Task directions — Within the lines below, the span from the line with "Ostindia Teacup With Saucer, 27 cl" to the line with "Batman: Arkham City", both ends included, is to be reproduced exactly, with pictures omitted.

Available data —
■ ■ ■ ■

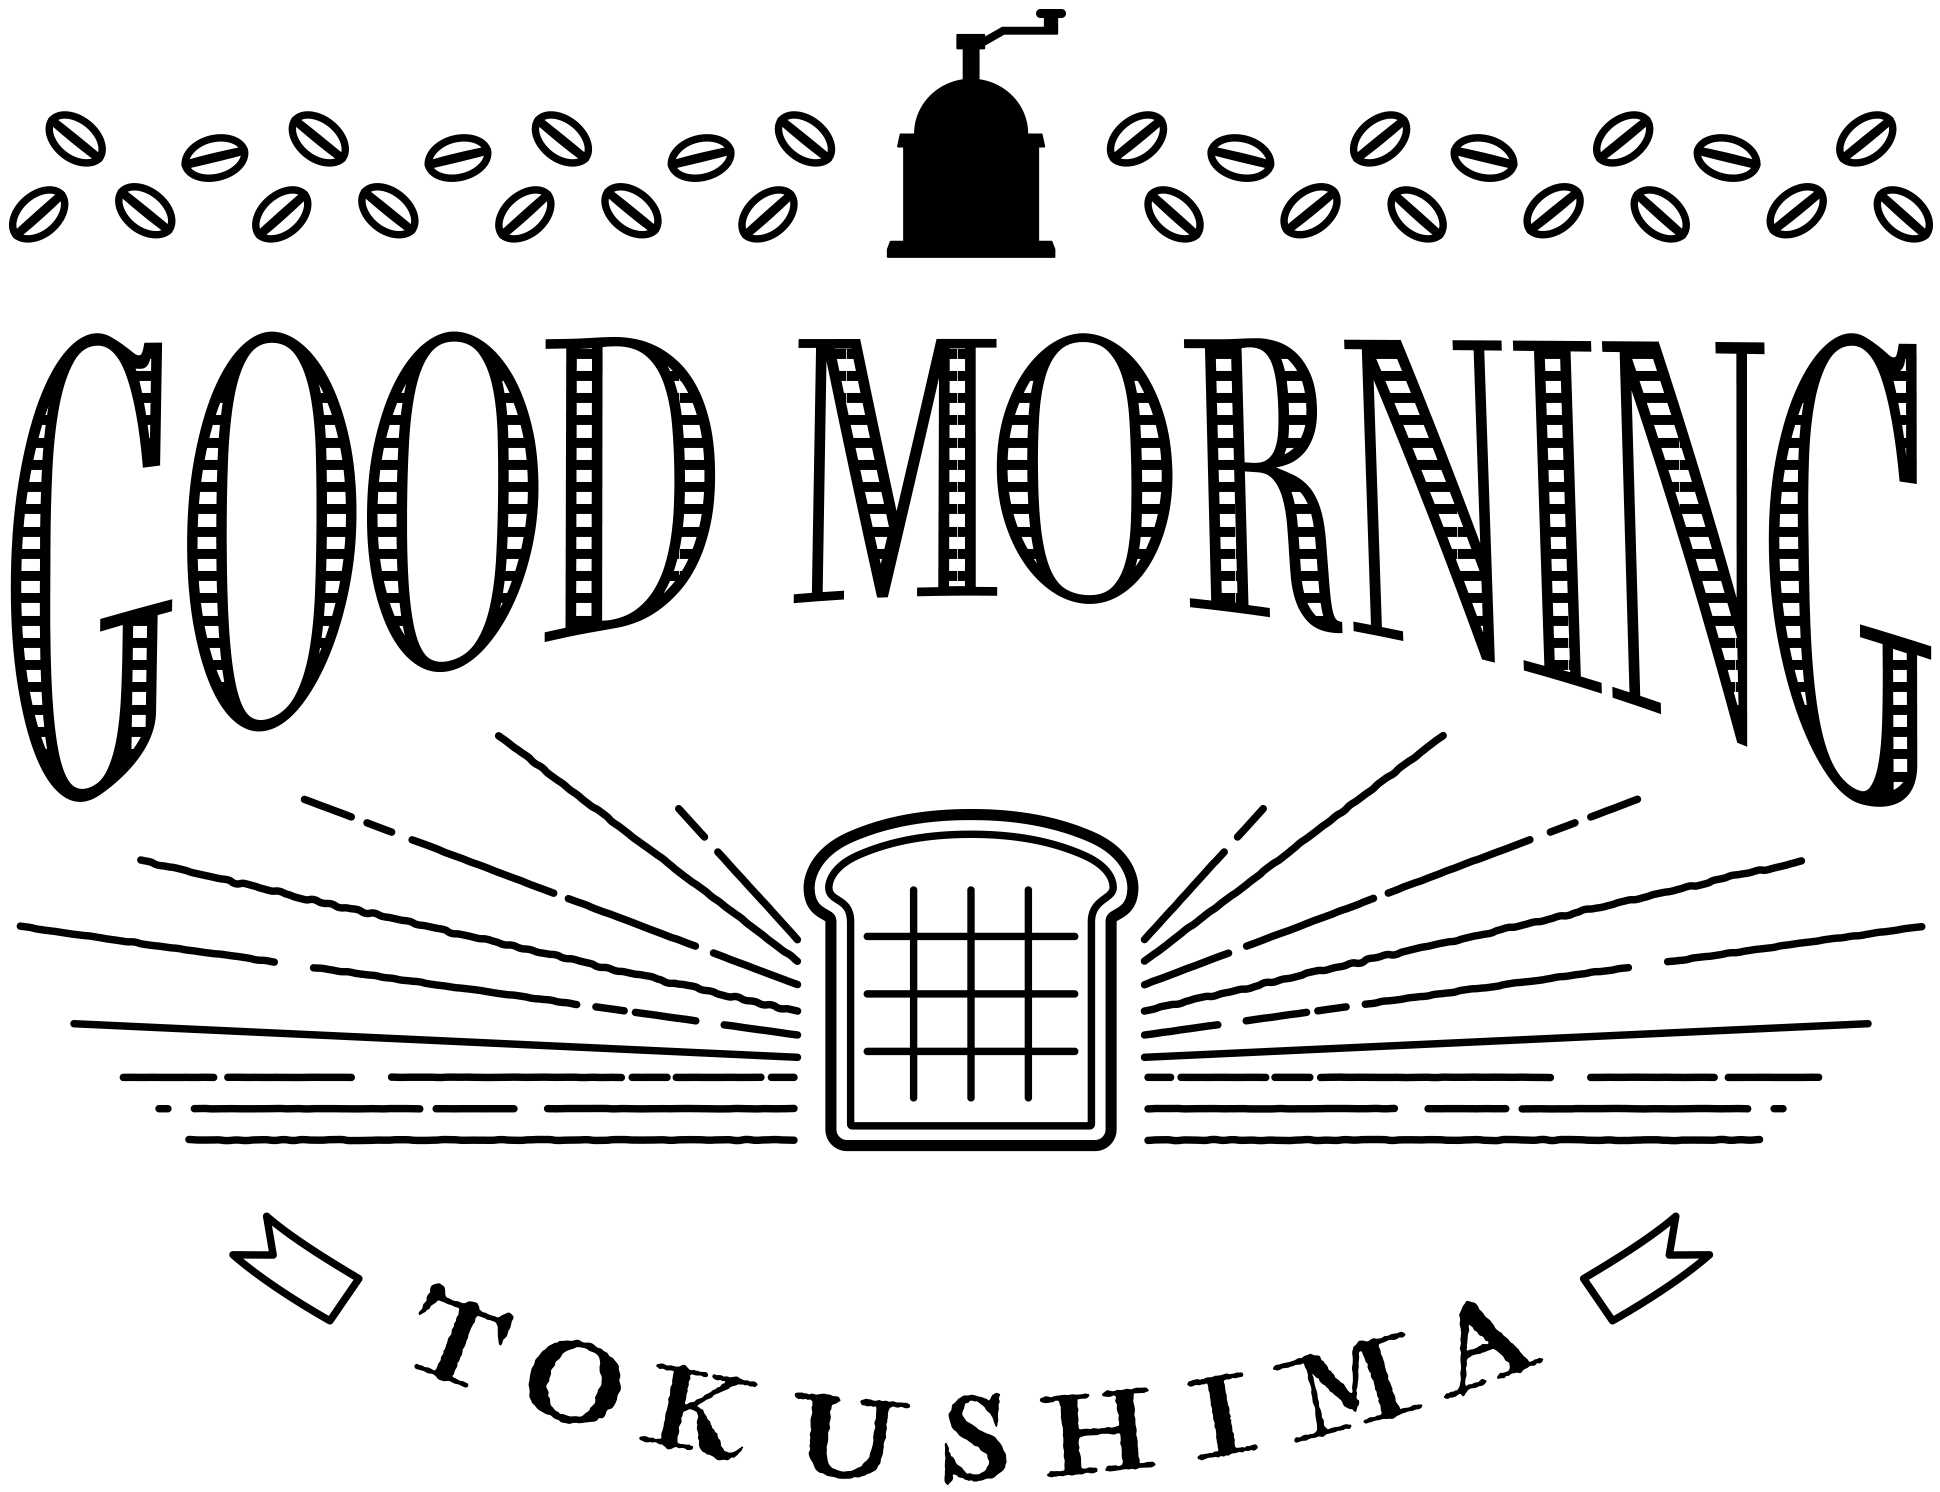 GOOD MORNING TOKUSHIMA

■ ■ ■ ■

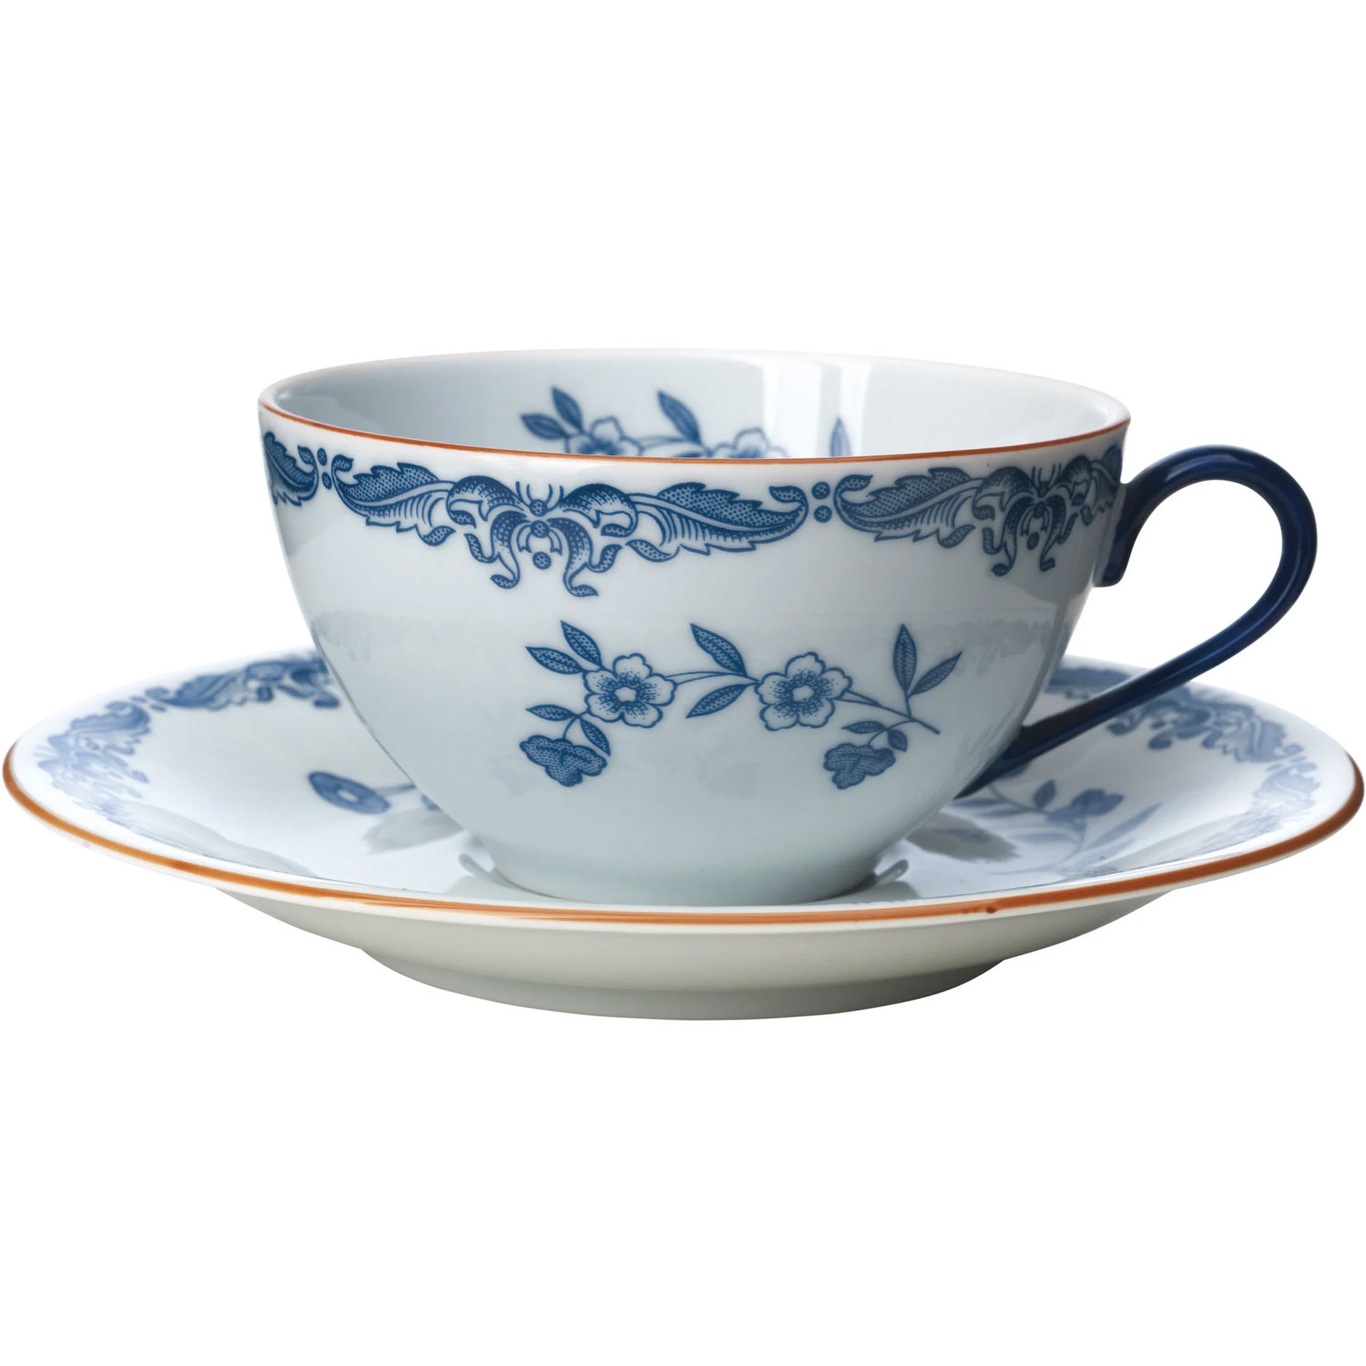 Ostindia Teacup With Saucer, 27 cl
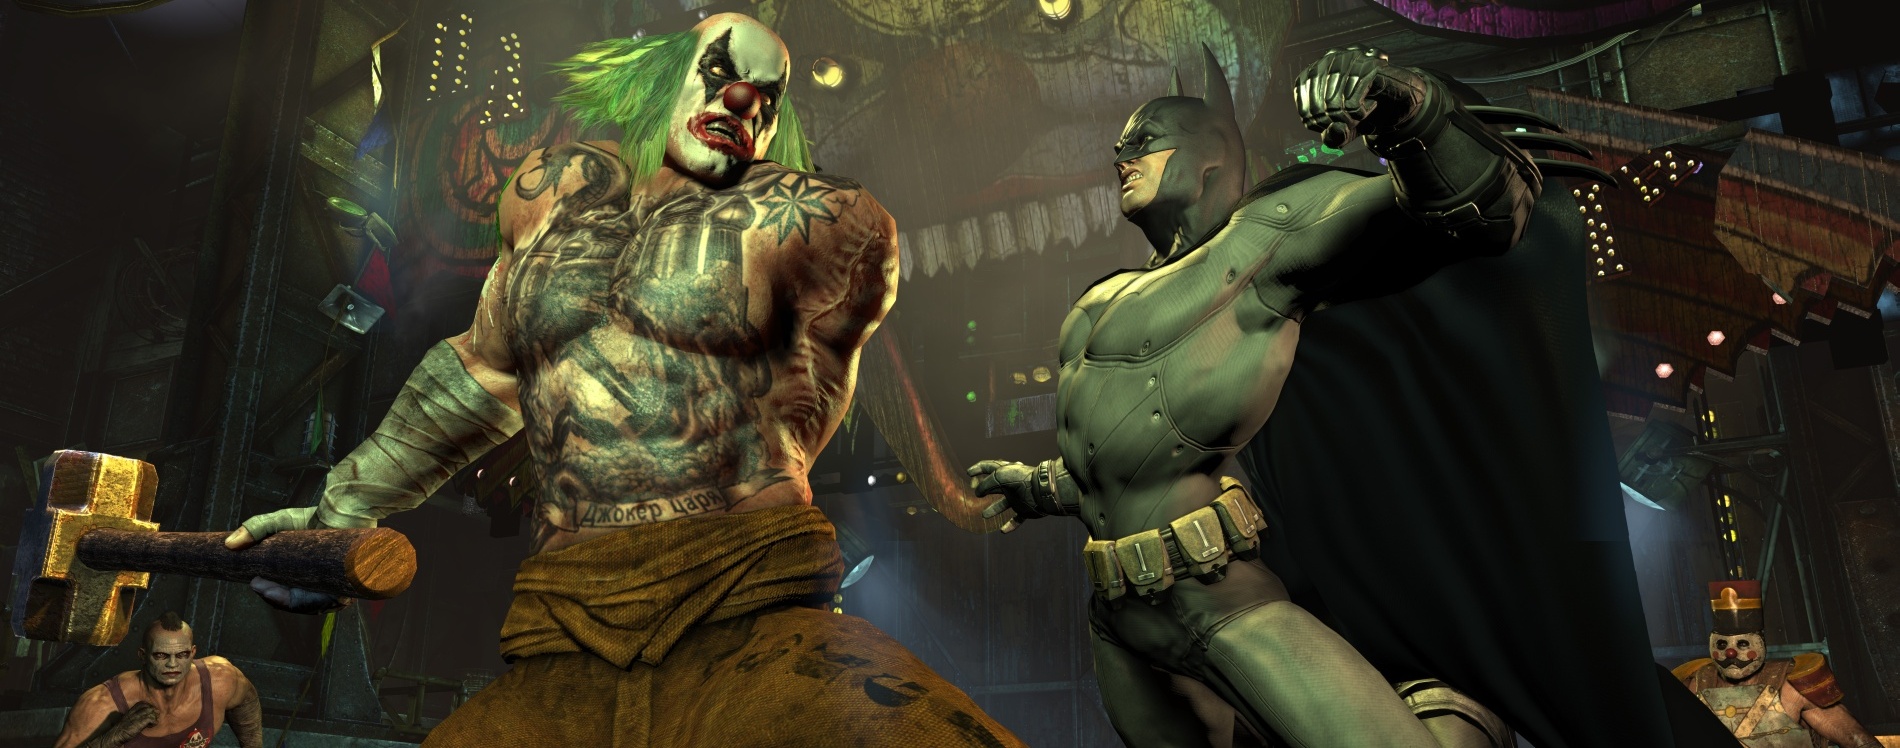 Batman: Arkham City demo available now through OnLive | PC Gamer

■ ■ ■ ■

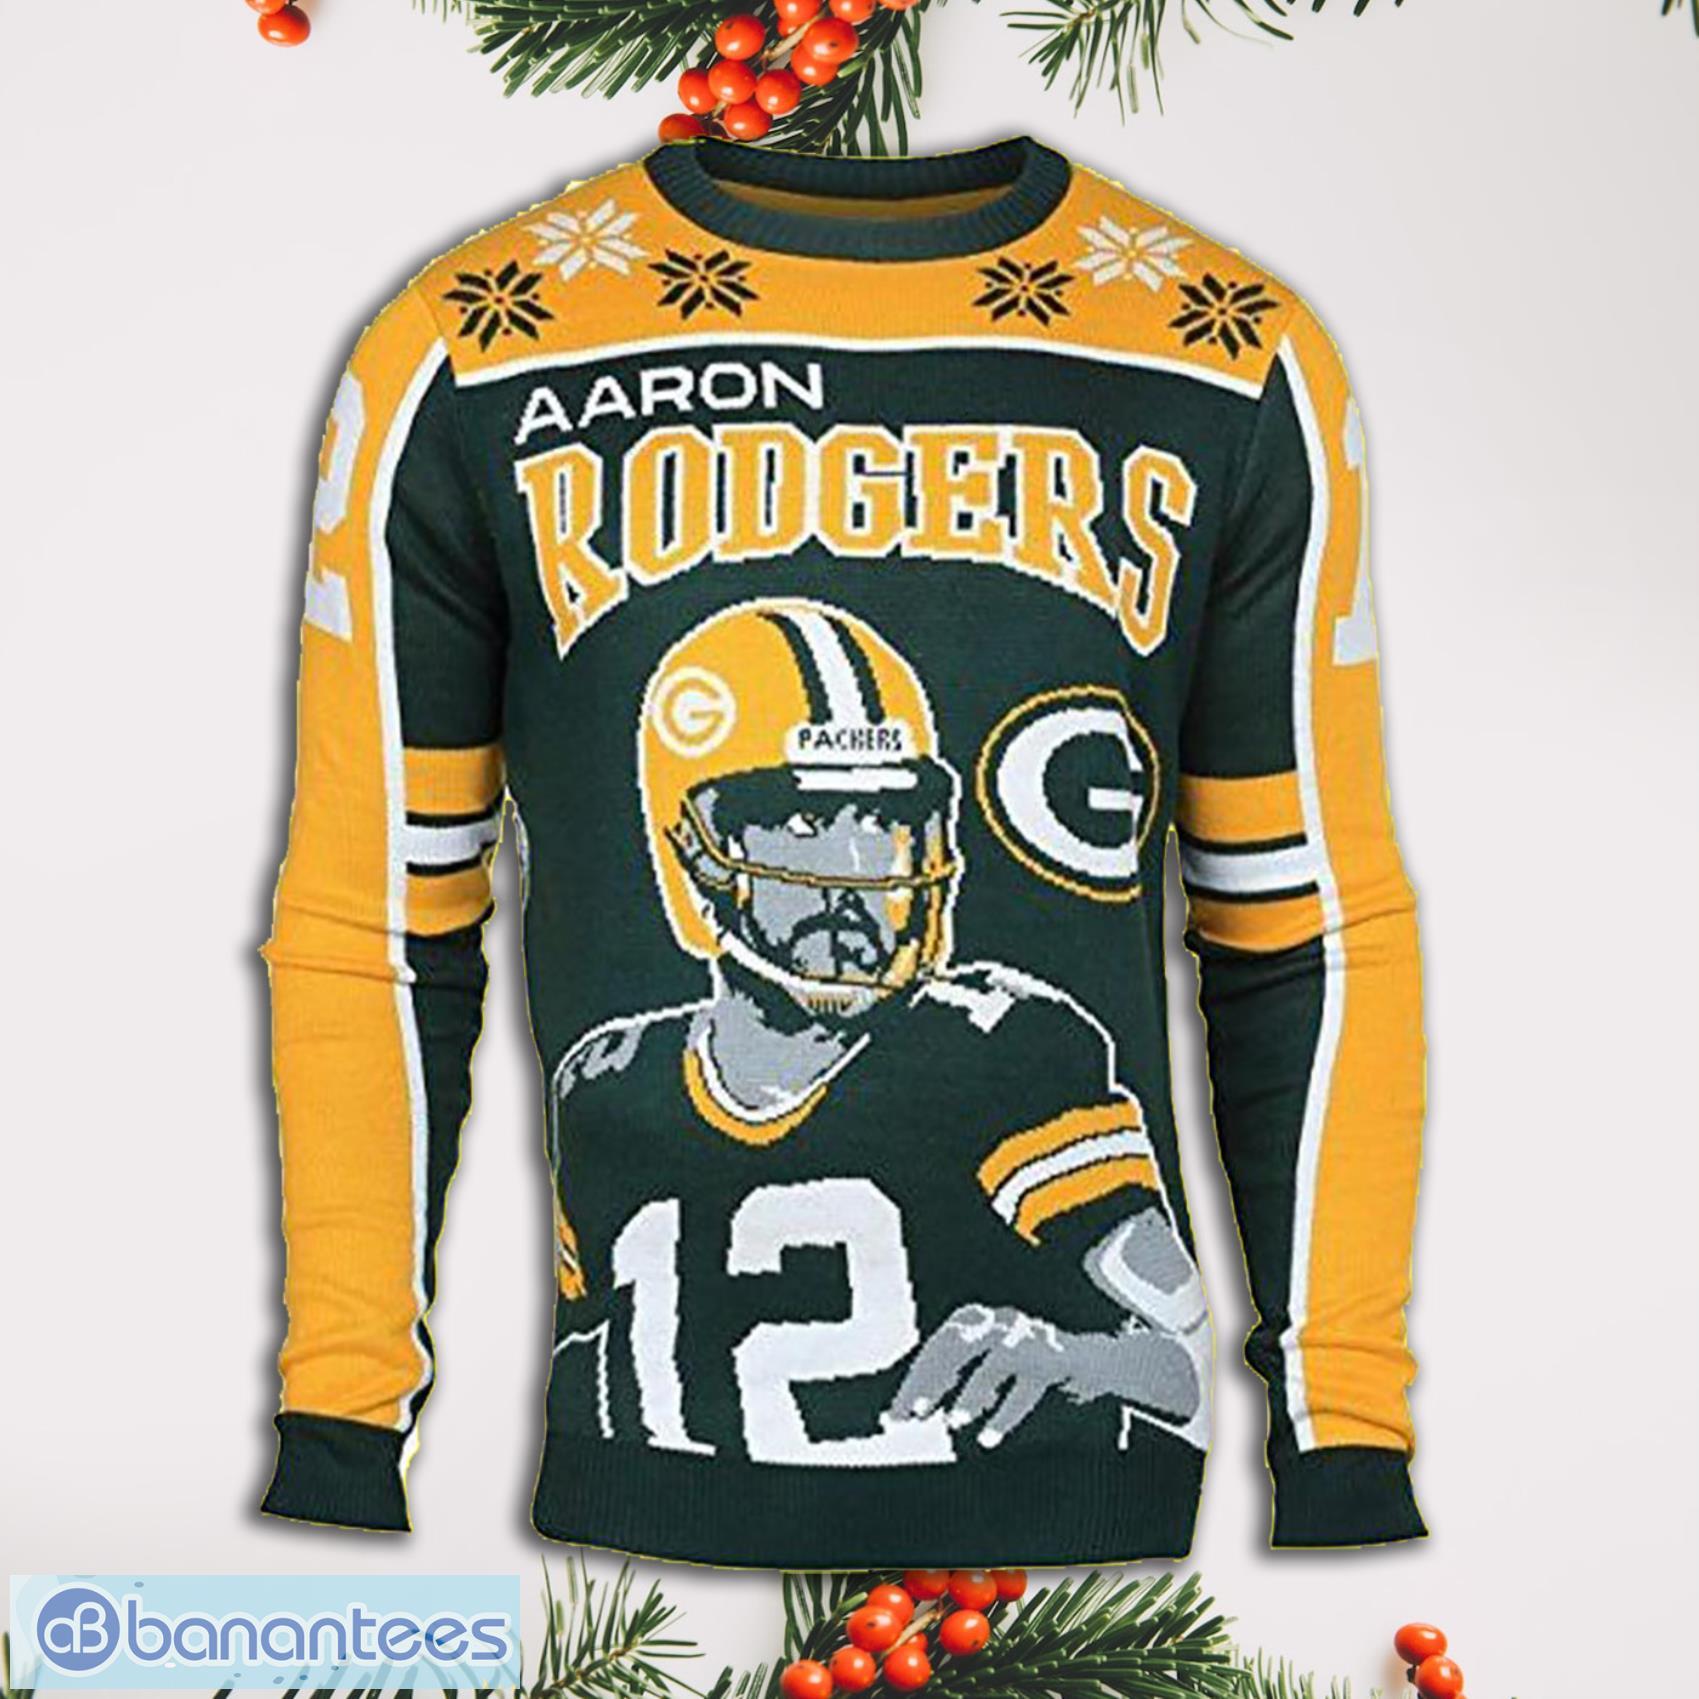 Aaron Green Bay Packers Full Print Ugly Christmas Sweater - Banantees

■ ■ ■ ■

Answer for the task —
 Ostindia Teacup With Saucer, 27 cl
 Batman: Arkham City demo available now through OnLive | PC Gamer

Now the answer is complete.